Almost every business has an online presence of some form. Many have a website which serves as anything from an online company brochure to a fully-featured online store or customer/vendor/user portal. Some have apps available through Google Play Store, the Apple App Store, or other app stores. A number of companies spend significant sums on their websites and apps to design robust features and content delivered through a compelling user experience. But if there’s one place website and app operators miss the mark, it’s ensuring the right legal disclosures are in place, and that the ones that are in place are saying the right things.
When most people think of a website or app disclosure, they think of a privacy policy and terms of use. These are definitely important. However, There are a number of other disclosures required or recommended under federal and state law that companies should consider to manage risk and avoid potentially distracting and costly litigation. At the same time, saying too much in disclosures such as your privacy policy can expose your company to unnecessary risk.

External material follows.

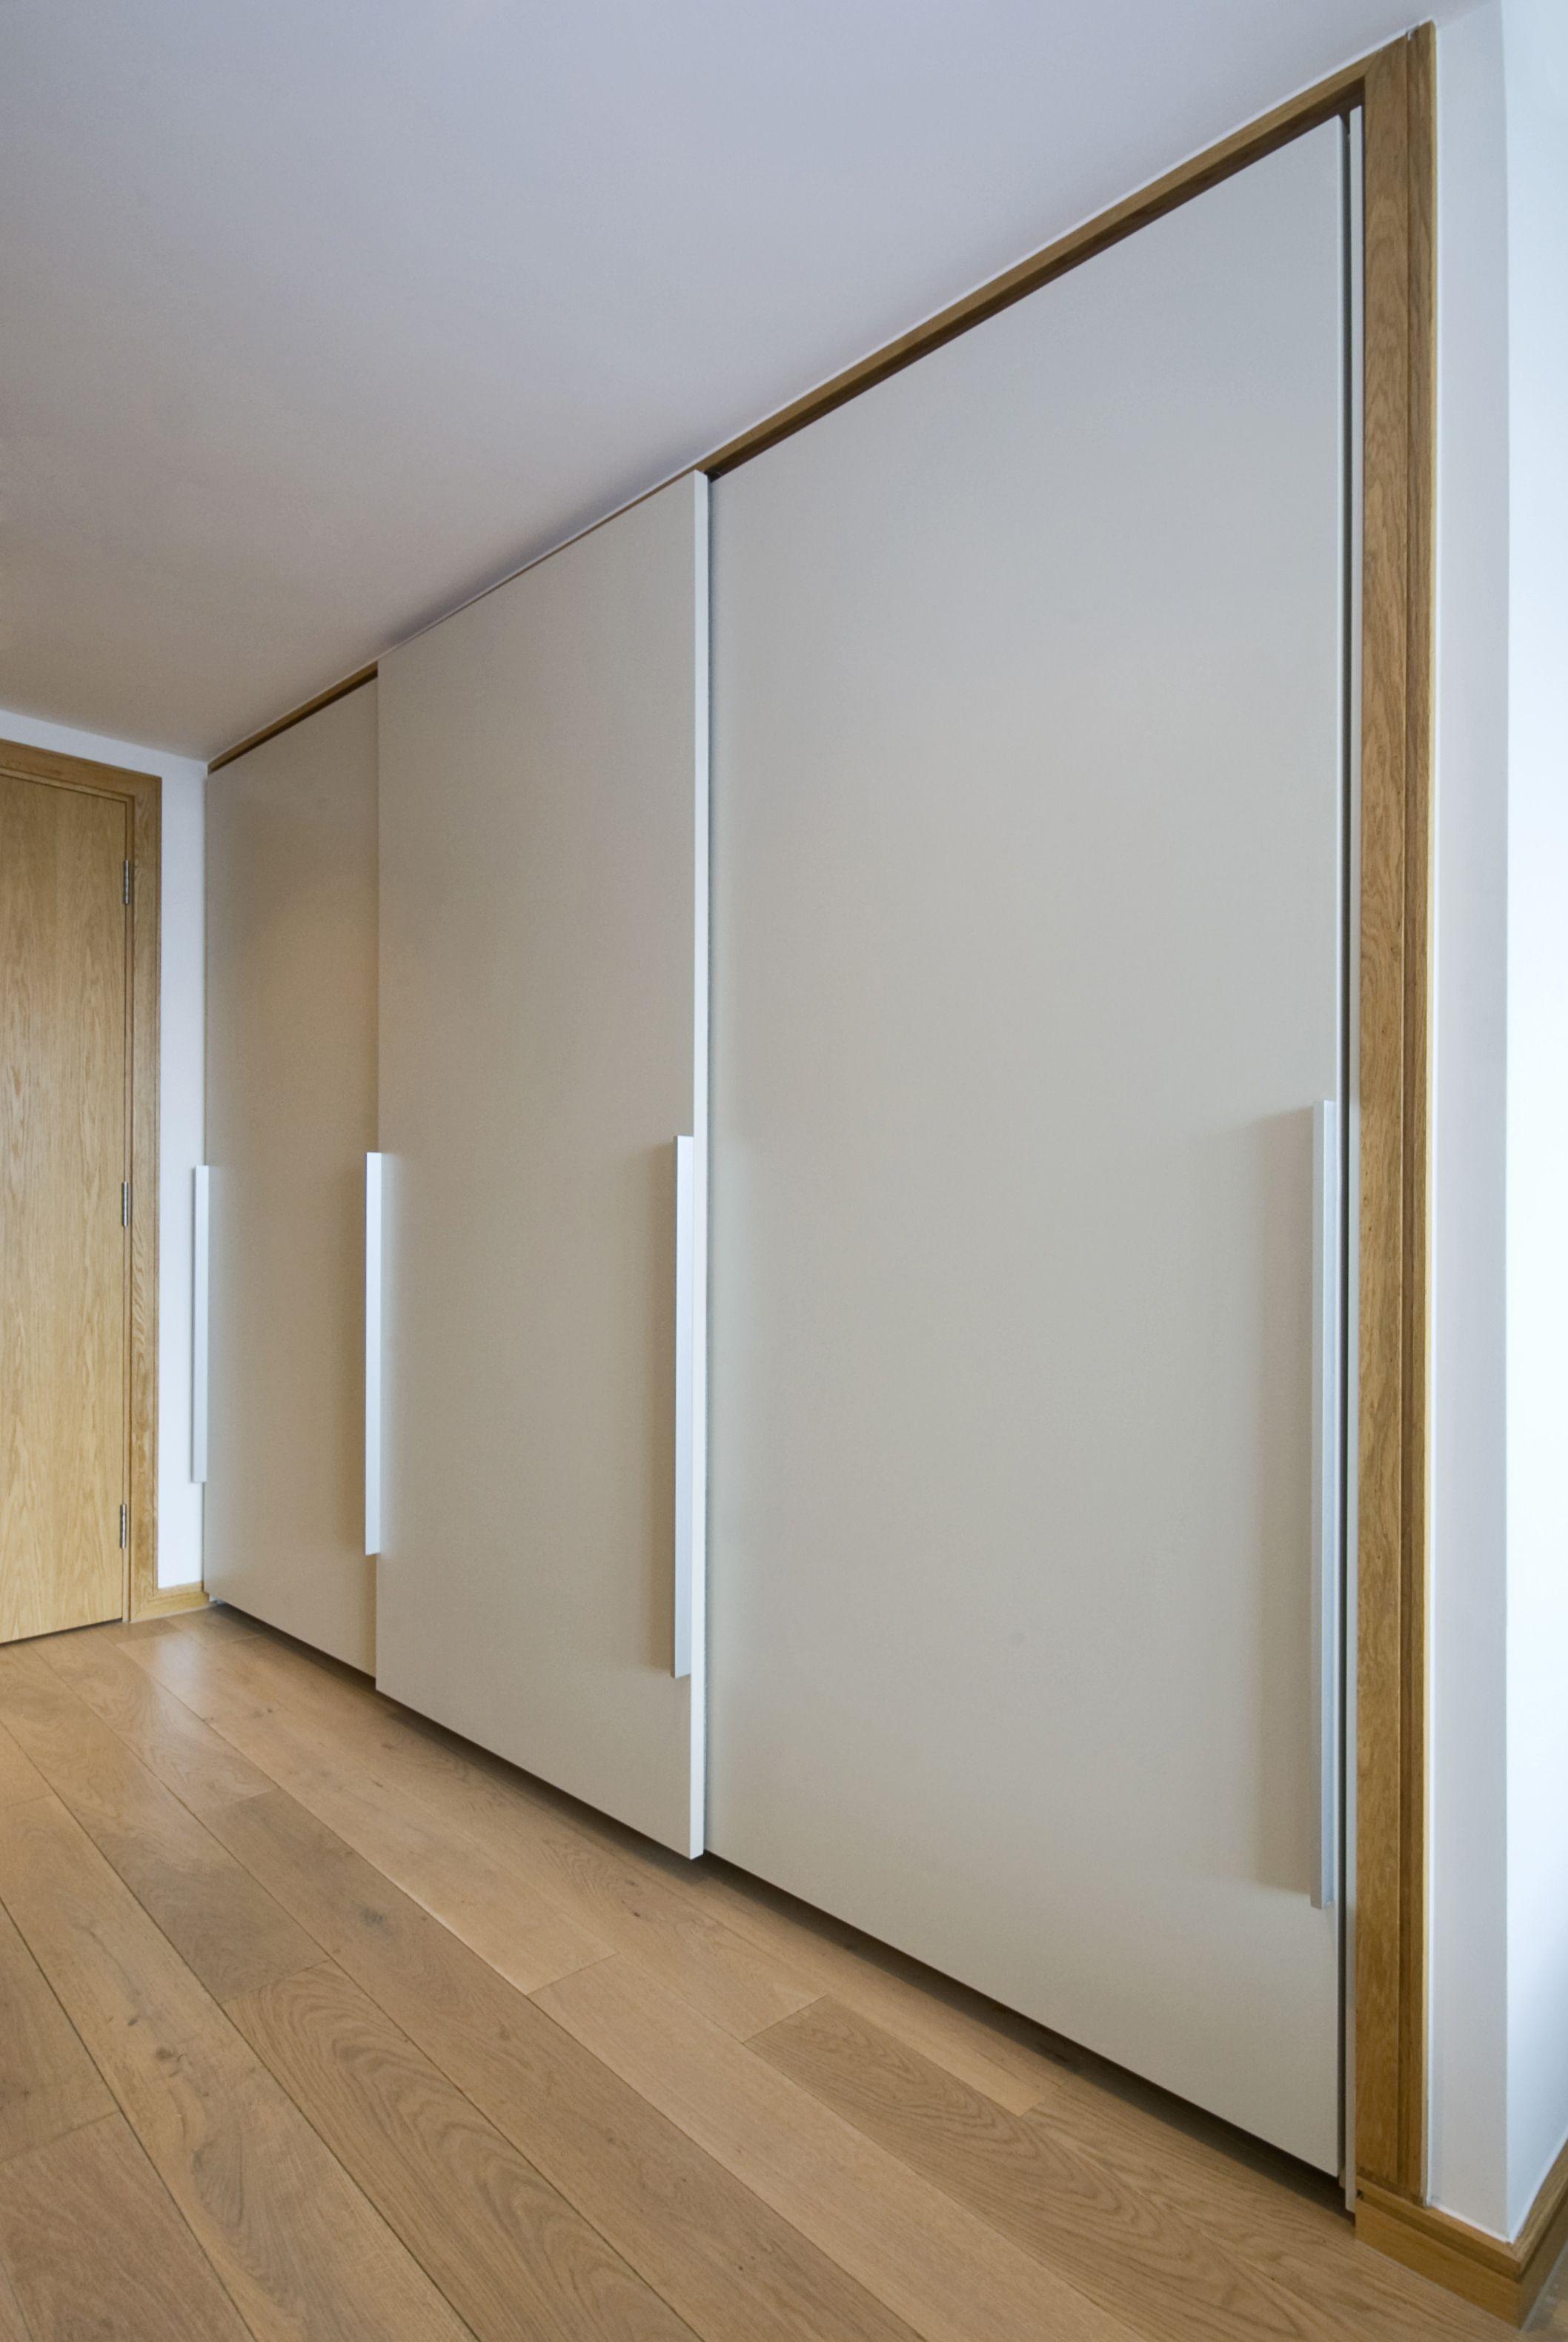 Wooden Sliding Wardrobe Doors Uk Google Search Closet

There are four core rules that should apply to all website disclosures:
- Write them in plain English.
- Avoid using undefined technical jargon and using marketing bluster.
- Make them easy to understand and use.
- Make them 100% accurate and truthful.
Consider having your company’s User Experience group review your disclosures and policies to ensure they are as easy to read and navigate as possible. Consider using design elements such as progressive reduction and progressive disclosure (you can see my earlier blog post on this topic by clicking here.) The goal is to ensure consumers easily understand your disclosures. If you ever have an issue with a term or provision in your disclosures, being able to argue that the content and design were optimized for easy reading and navigation can pay dividends.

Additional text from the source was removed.